National Research Council Italy creates fully integrated optofluidic platform

10 Apr 2025

Laser fabrication allows microfluidic chip to be reconfigured for different cytometry operations.

A project at Italy's National Research Council (Consiglio Nazionale delle Ricerche, CNR) has developed an integrated optofluidic platform suitable for high-resolution imaging flow cytometry (IFC).

Described in Nature Scientific Reports, the device exploits current advances in laser manufacturing to create and align its photonic and optofluidic components.

The study aimed in particular to address potential improvements in current IFC operations. IFC is a variant of flow cytometry intended to combine that technique's inherent high throughput with the ability for single cell image acquisition via microscopy.

Conventional flow cytometry involves biological cells tagged with fluorescent markers being illuminated while passing along a channel narrow enough to force the cells into roughly single file. Analysis of the light emitted can reveal information about individual cell size, DNA content and other parameters.

IFC merges the fluidic system of a flow cytometer with advanced camera technology, potentially capturing multiple fluorescent images at high rates per second and allowing morphological analysis of cell populations at a high-throughput scale.

"In recent years IFC is gaining increasing attention as it combines the characteristics of conventional flow cytometry with optical microscopy techniques," commented the CNR project in its paper.

"However, current 3D IFC systems are often limited by incompatibility with available microfluidic devices, or by instrumental complexity that might lead to optical misalignment or mechanical instabilities in day-by-day operation. IFC systems are also typically more expensive and resource-intensive than conventional flow cytometers."

Drug screening and personalized therapy

CNR aimed to tackle these issues through manufacture of an integrated miniaturized platform encompassing all the optical and the fluidic delivery elements, by bonding an aluminoborosilcate glass photonic chip to an optofluidic chip made from fused silica glass. Both components were fabricated by femtosecond laser irradiation followed by chemical etching, or FLICE.

Adjustment of the laser parameters gave CNR control over factors such as local refractive index modification and the material's sensitivity to subsequent etching, so that optical waveguides and buried microchannels can ultimately be created in the structure via the one fabrication technique and a single optical setup.

The end result is a fully integrated optofluidic platform in which the borosilicate glass chip contains reconfigurable integrated photonic circuits needed for patterned light generation, and the fused silica glass chip incorporates cylindrical hollow lenses for light-sheet illumination.

Trials using HeLa cells showed that the team's proof-of-concept device could image 40 cells per minute, each sectioned into 15 planes via light-sheet microscopy.
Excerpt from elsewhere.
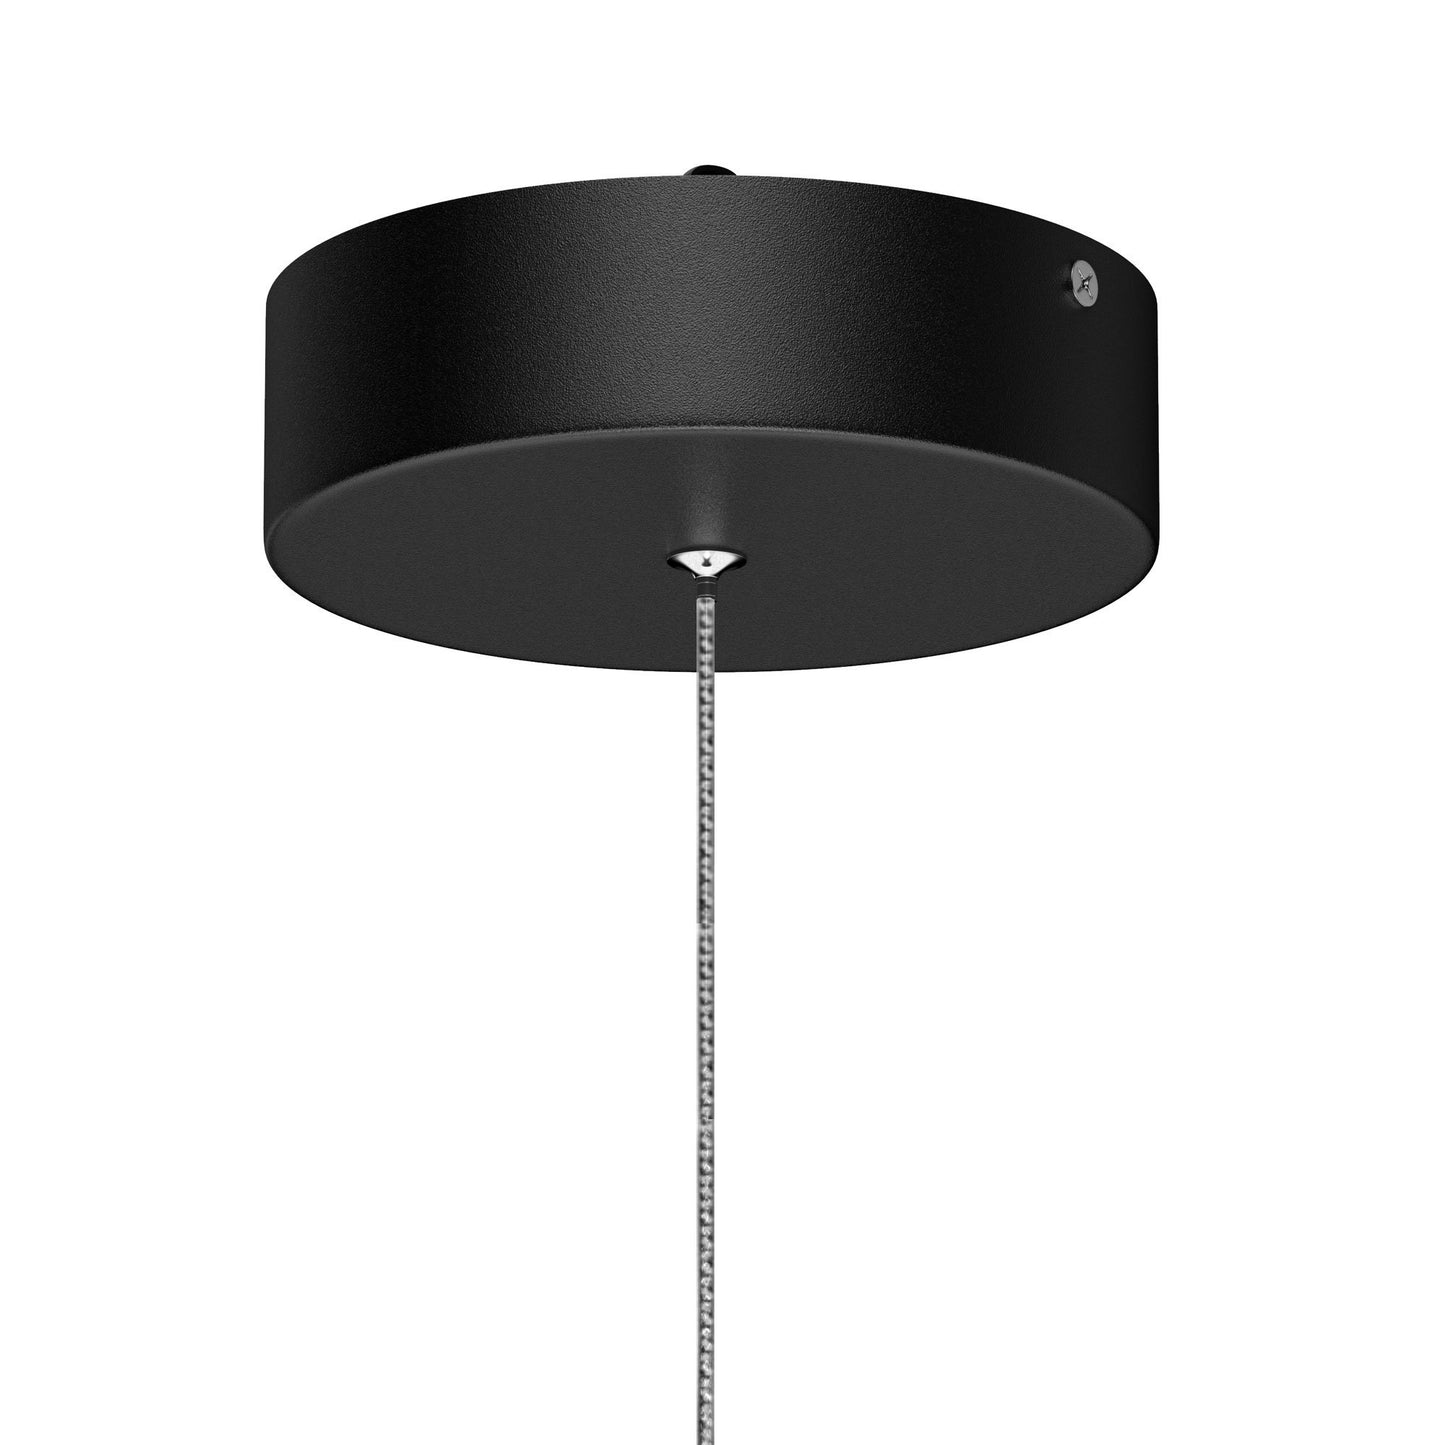 41W Round Plate Pendant Light, 3000K, 2225LM, Diameter 17.3" x 55"H, Dimmable, Home Office Lighting

Although this is at present considerably lower throughput than commercial IFC platforms, those instruments allow only two-dimensional analysis at standard or low resolution, and CNR expects improvements to its platform will improve the imaging rate substantially.

"The promising results achieved in the bio validation open the way to the use of such a device for large cell population phenotyping or drugs screening for personalized therapies evaluation," said the project.